WASTE, MISMANAGEMENT, LOOTING

He referred to allegations of waste, mismanagement, looting and self-dealing by Vultaggio. In court papers, Ferolito contends that Vultaggio put on the payroll his personal architect, so he could deduct his fees as a business expenses; and his chef, who secured health insurance as a result. Vultaggio also is alleged to have hired his sons, Wesley and Spencer, and paid them salaries, even though they were part owners. Vultaggio is alleged to have halted independent audits of the Arizona companies from 2008 through 2010.

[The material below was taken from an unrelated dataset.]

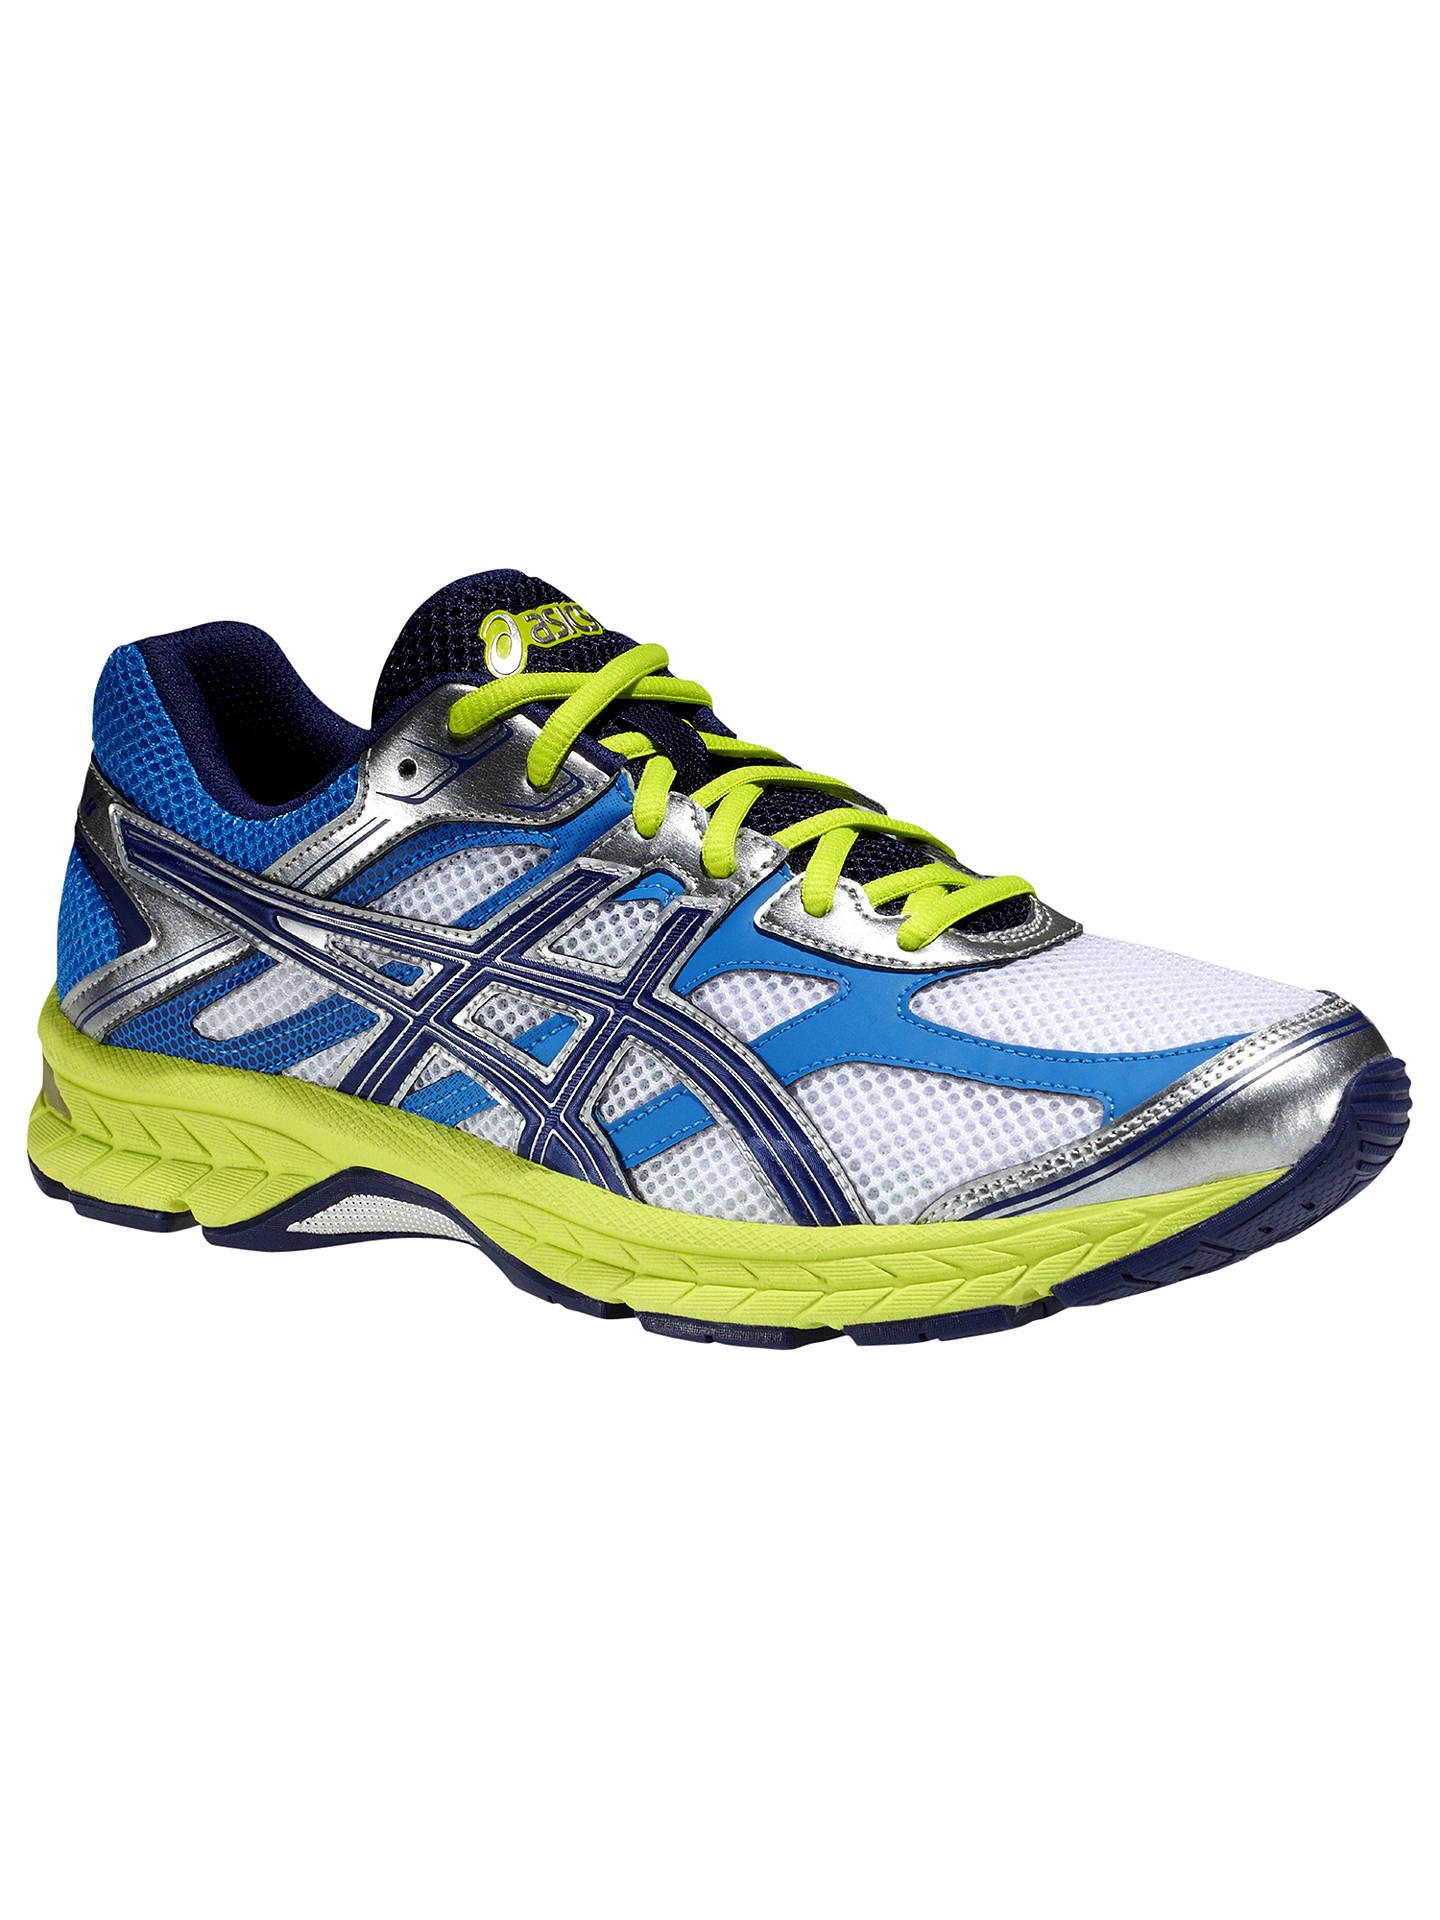 Asics Gel Oberon 8 Men's Running Shoes at John Lewis & Partners

Solomon called those allegations “irrelevant,” but whatever testimony emerges on those points could affect the valuation proceedings. Shulman, the New York County judge, has indicated that he considers questions of misconduct, waste and excessive expenses relevant to the company’s value.

It remains unclear whether Vultaggio personally could afford to buy out Ferolito if the company is worth billions. According to Solomon, the court could allow him to pay Ferolito over time.

Either way, a high valuation could force a sale of some or all of the company. As recently as March 2011, court records showed that Tata was still interested. But with appeals almost guaranteed in either trial, the Indian conglomerate will have to wait to find out whether it or anyone else will be allowed to purchase one of the largest beverage companies in the United States.